Middaugh is sitting in second place in the points, having recorded wins in Argentina, a new site, and at Oak Mountain in Alabama, previously known as Xterra Southeast, as well as a second-place finish in Costa Rica.

Middaugh trails Canada’s Karsten Madsen, 322-267, though the latter will not be competing this weekend in Beaver Creek.

Game plan meets reality

Whether it’s called the Xterra Mountain Championship, as it was in the past, or simply Xterra Beaver Creek, it’s a familiar track for Middaugh. It’s two laps or 1 mile in Nottingham Lake in Avon. The racers then hit the bikes for 15 miles, cycling up to Beaver Creek and then out to Arrowhead and back. The 6-mile run centers on the Centennial area with two figure-eight loops that have a total elevation gain of 1,000 feet.

Middaugh has a distinct home-lake/trail advantage, having trained up here for years and a game plan for each of the legs of the race. He wants to be within 1 minute, 30 seconds of the leaders after the swim, not his strength. Ideally, he catches the leaders on the first uphill on the bike and builds a lead and then maintains it during the run.

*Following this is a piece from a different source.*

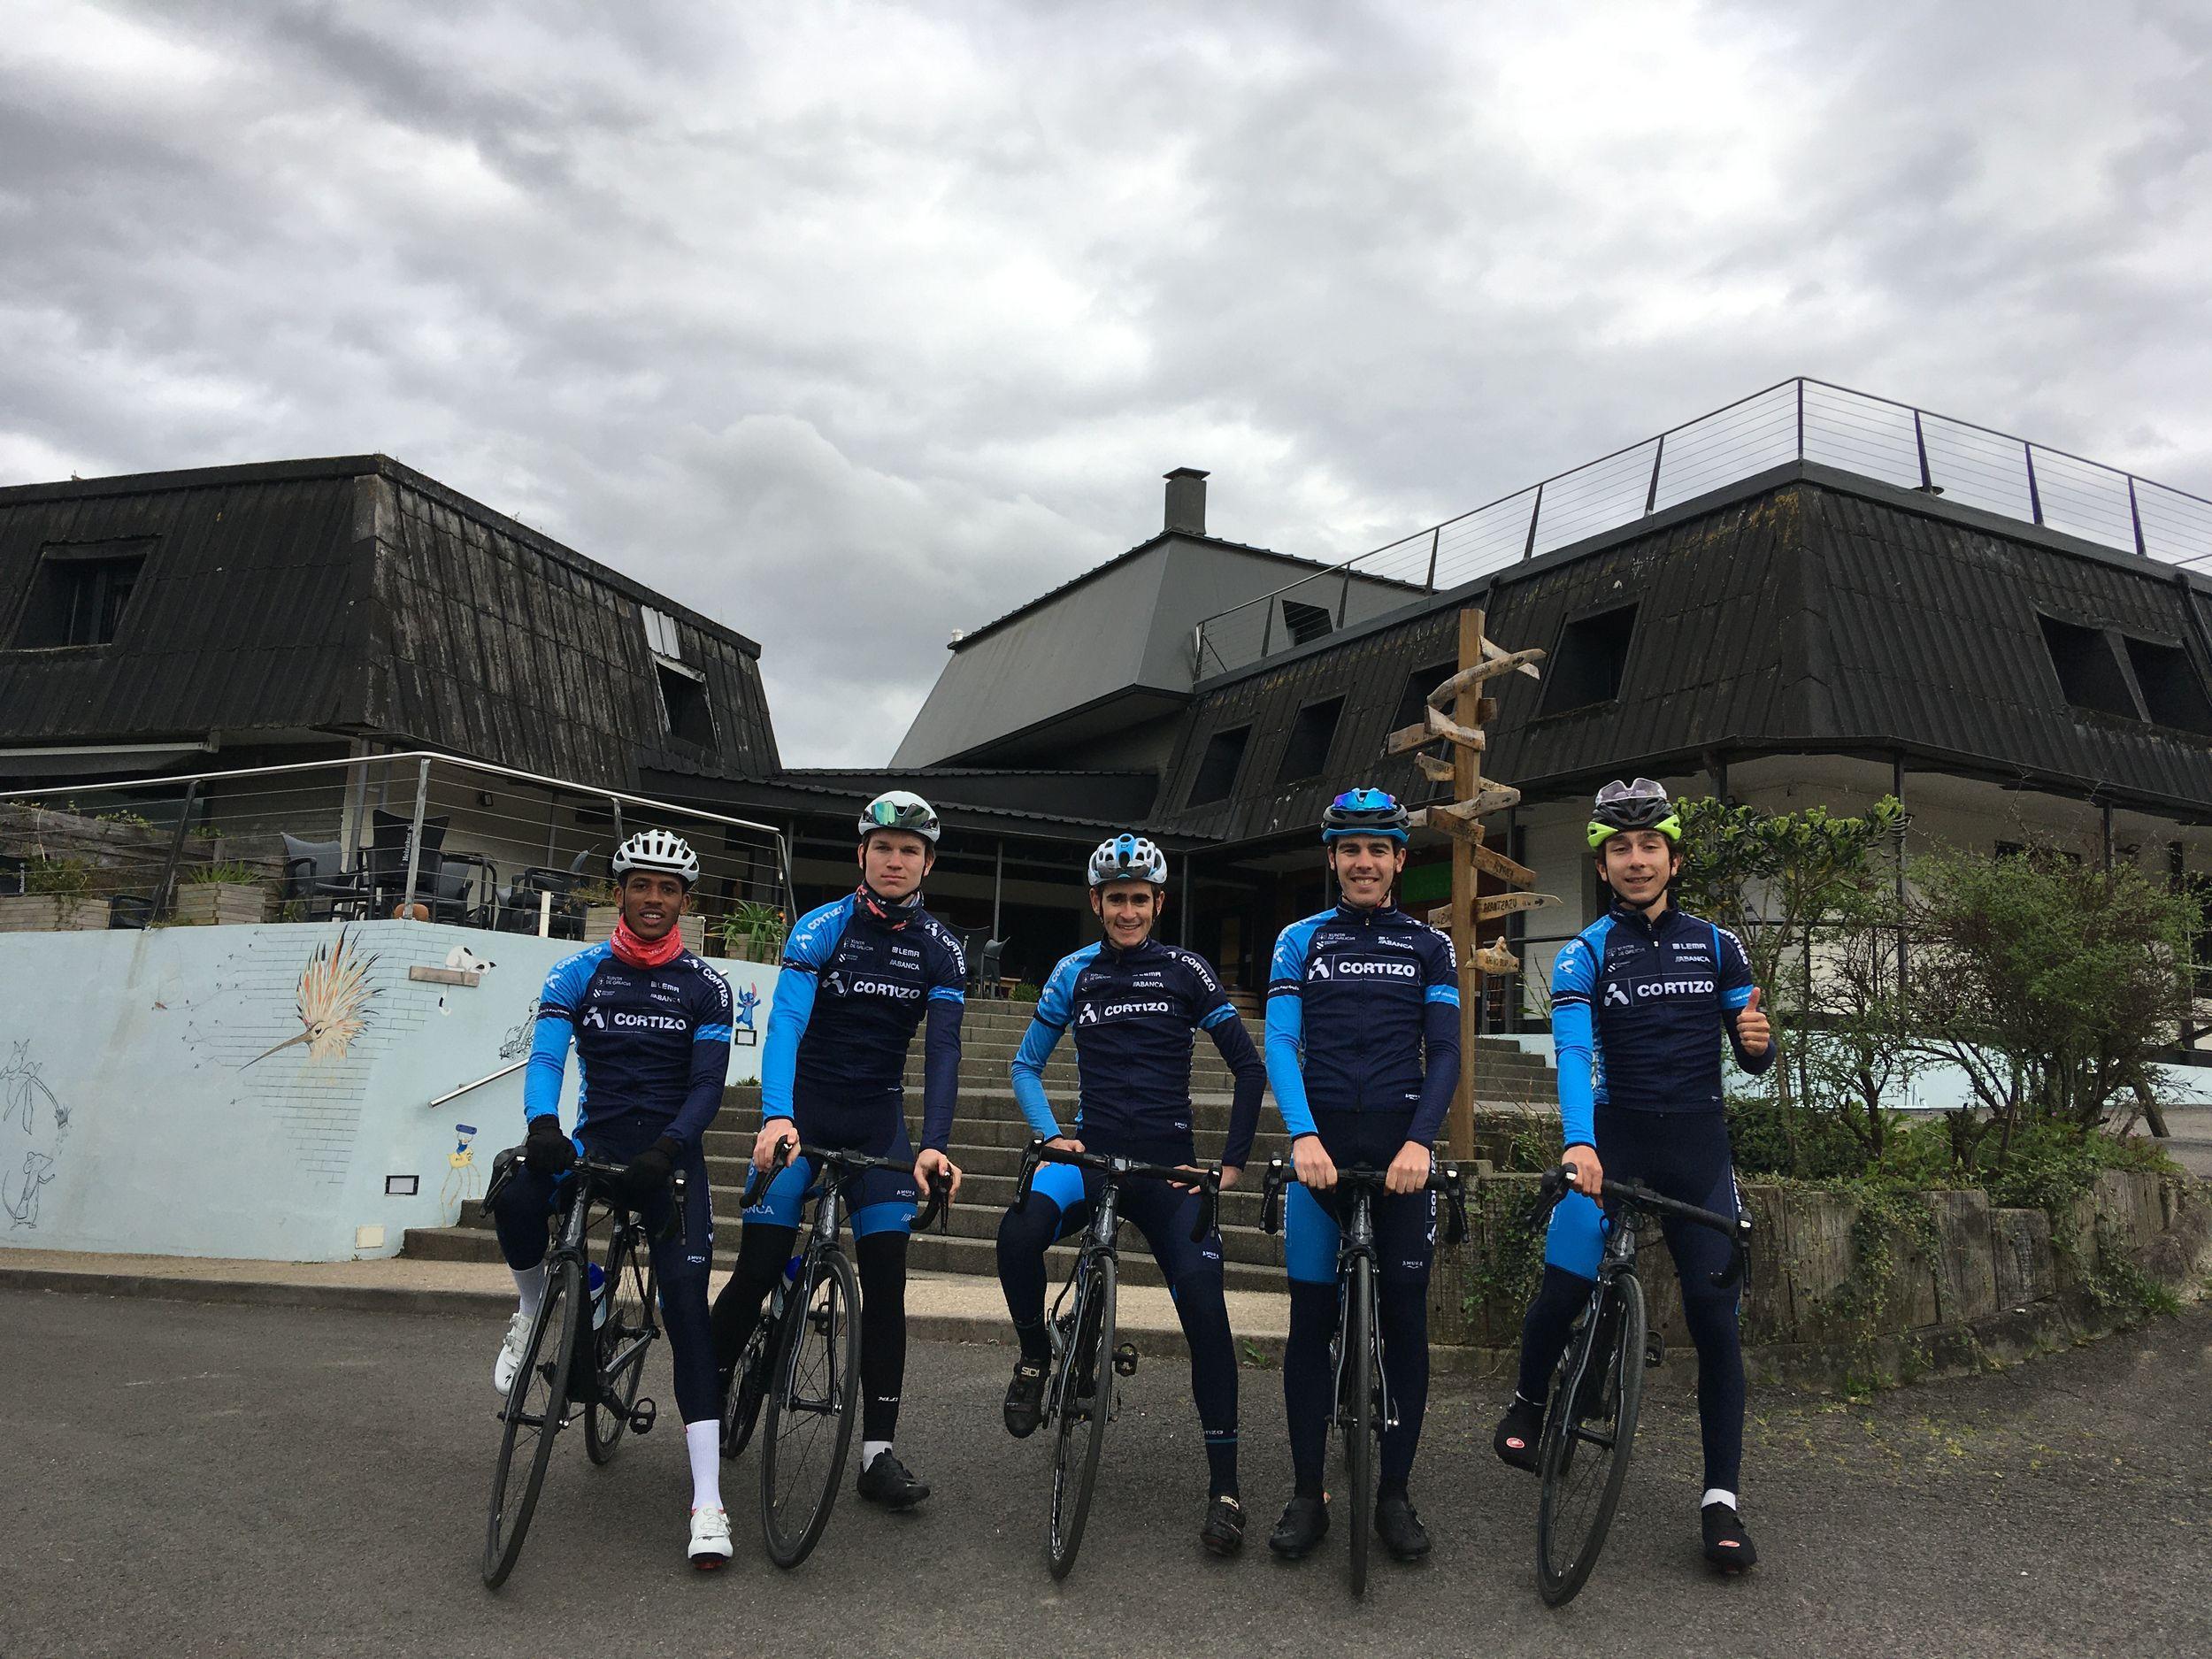 club-ciclista-cortizo-abaraxka-bikefriendly

And that said, all these carefully laid plans went out the window from the start in last year’s race. Middaugh was 2:30 out after the swim, didn’t run down the leaders until the 11th or 12 mile of the bike leg and then held on for dear life in the end for his third straight win on his home course and fourth victory here in the past five years.

The field has a lot to do with that. It’s stacked. Branden Rakita is a familiar Xterra foe as is 2011 world-champ Michi Weiss. This race is also attracting on-road triathletes such as Greg Bennett and Ben Hoffman, just to name a few of those who will be pushing Middaugh to his limits.

“The way I approach it, I’ve got to pour everything into each discipline,” he said. “I’m going to have to rely on fitness. Sometimes, I have it. Sometimes, I don’t. But I’ve got to bring it.”